- Born: May 8, 1977 New Delhi
- Died: June 23, 2015 (aged 38) Mumbai
- Occupation: Indian television actor
- Years active: 2000–2015
- Spouse: Rekha Bhatia

= Sanjeet Bedi =

Indian actor (1977–2015)

Sanjit Bedi (8 May 1977 – 23 June 2015) was an Indian television actor.
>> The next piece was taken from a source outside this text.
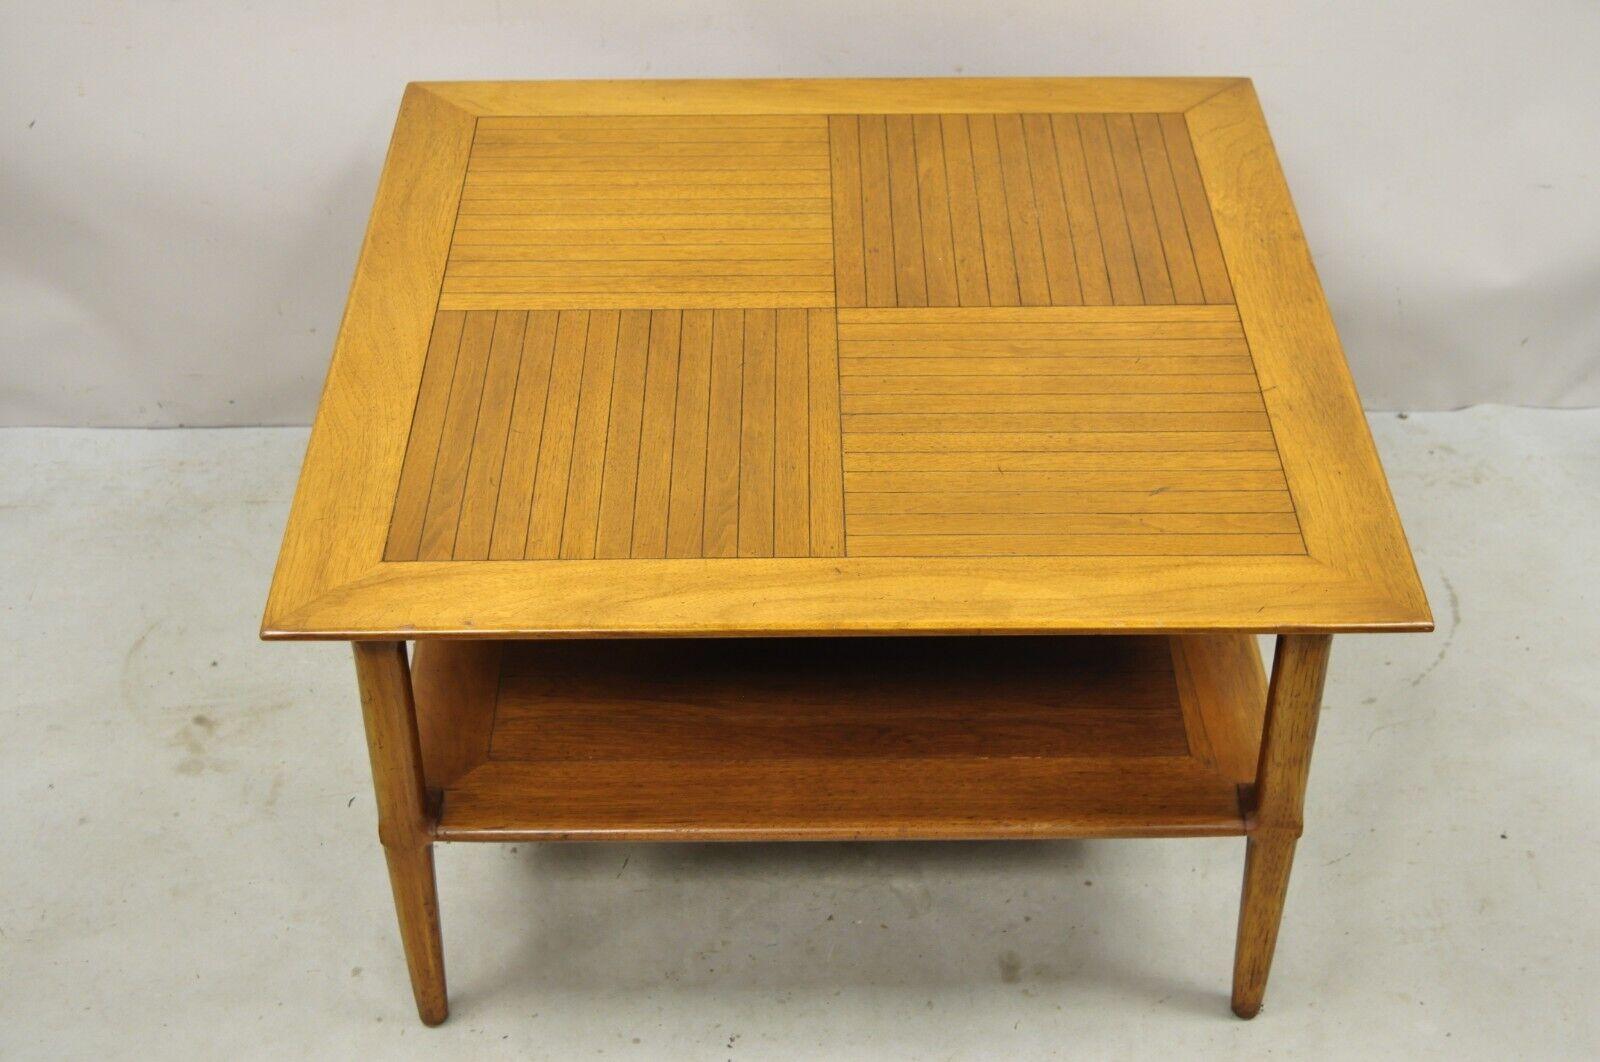 Vintage Tomlinson Sophisticate Square Walnut Mid Century Modern Lamp Side Table. Circa Mid 20th Century. Measurements: 19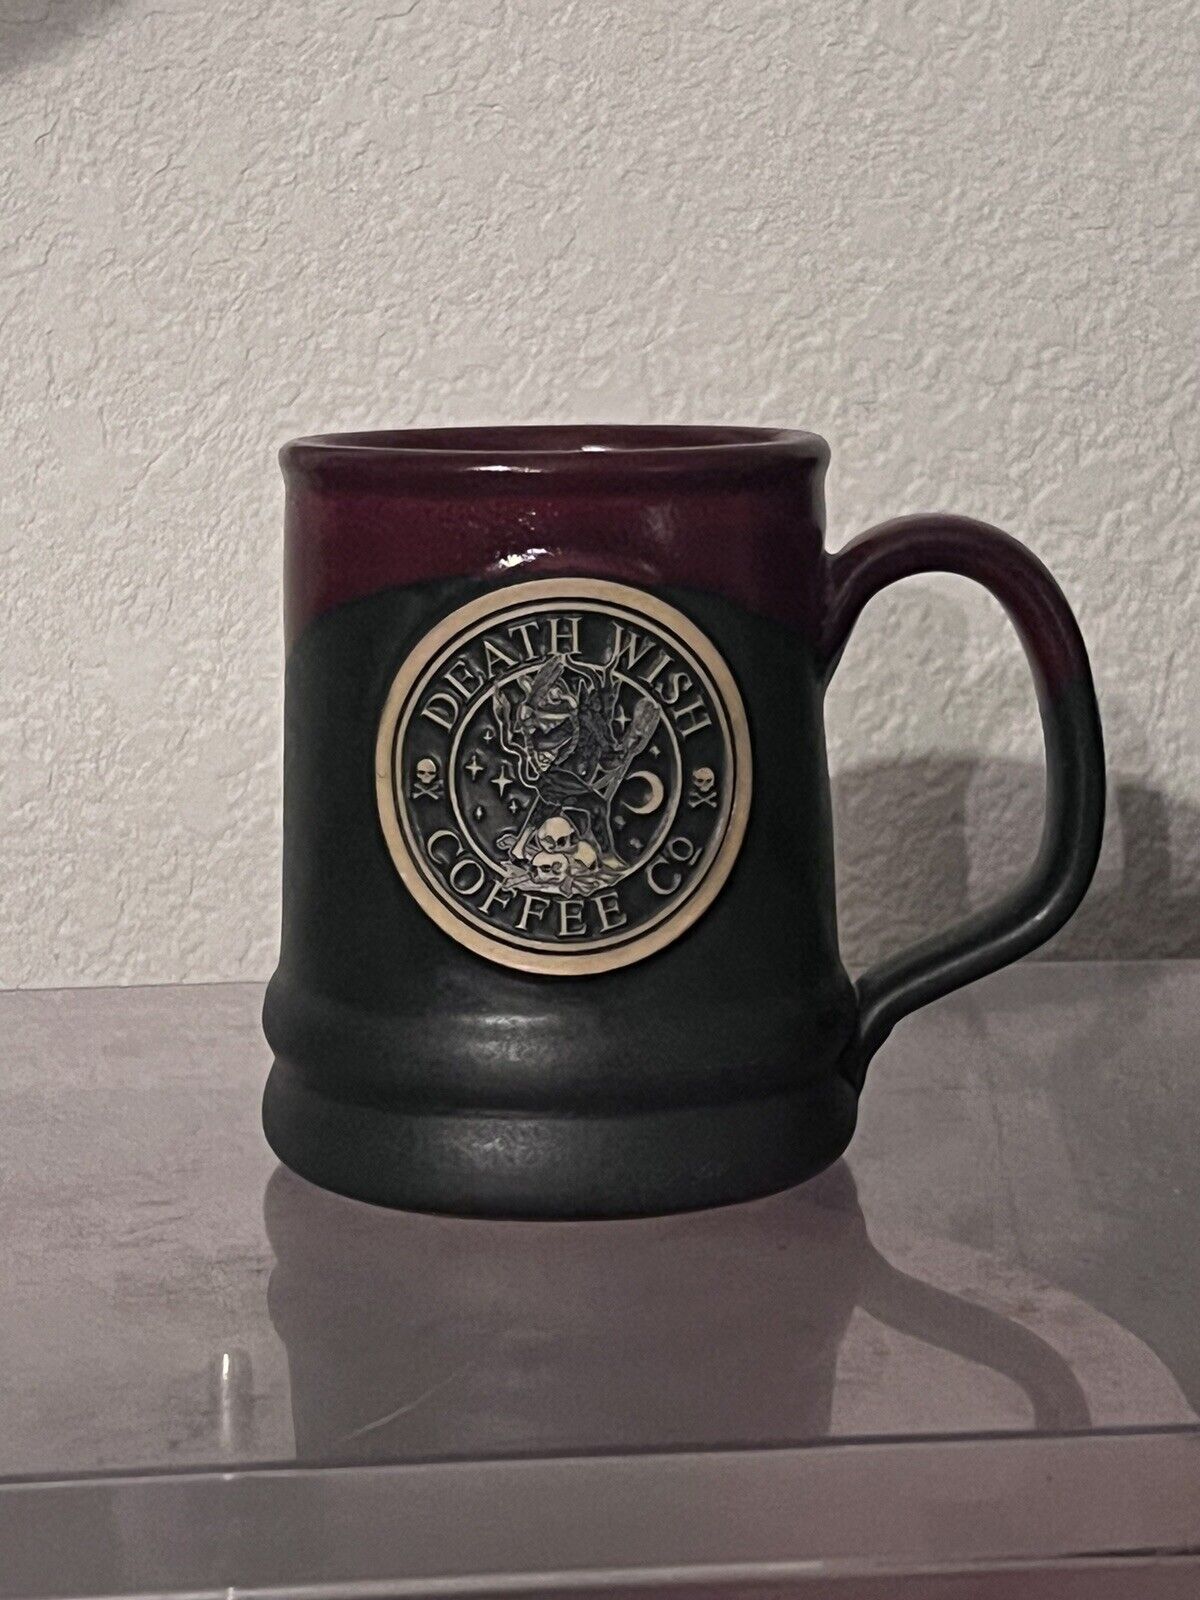 Death Wish Coffee 2019  Winter Mug - KRAMPUS 2486/3666 - Deneen Pottery

He was majorly known for playing the role of Dr. Omi Joshi in Indian television show Sanjivani. He began his career as a model, before transitioning into theatre and, eventually, into television. He died on 23 June 2015, after failing to emerge from a coma, induced by a brain ailment.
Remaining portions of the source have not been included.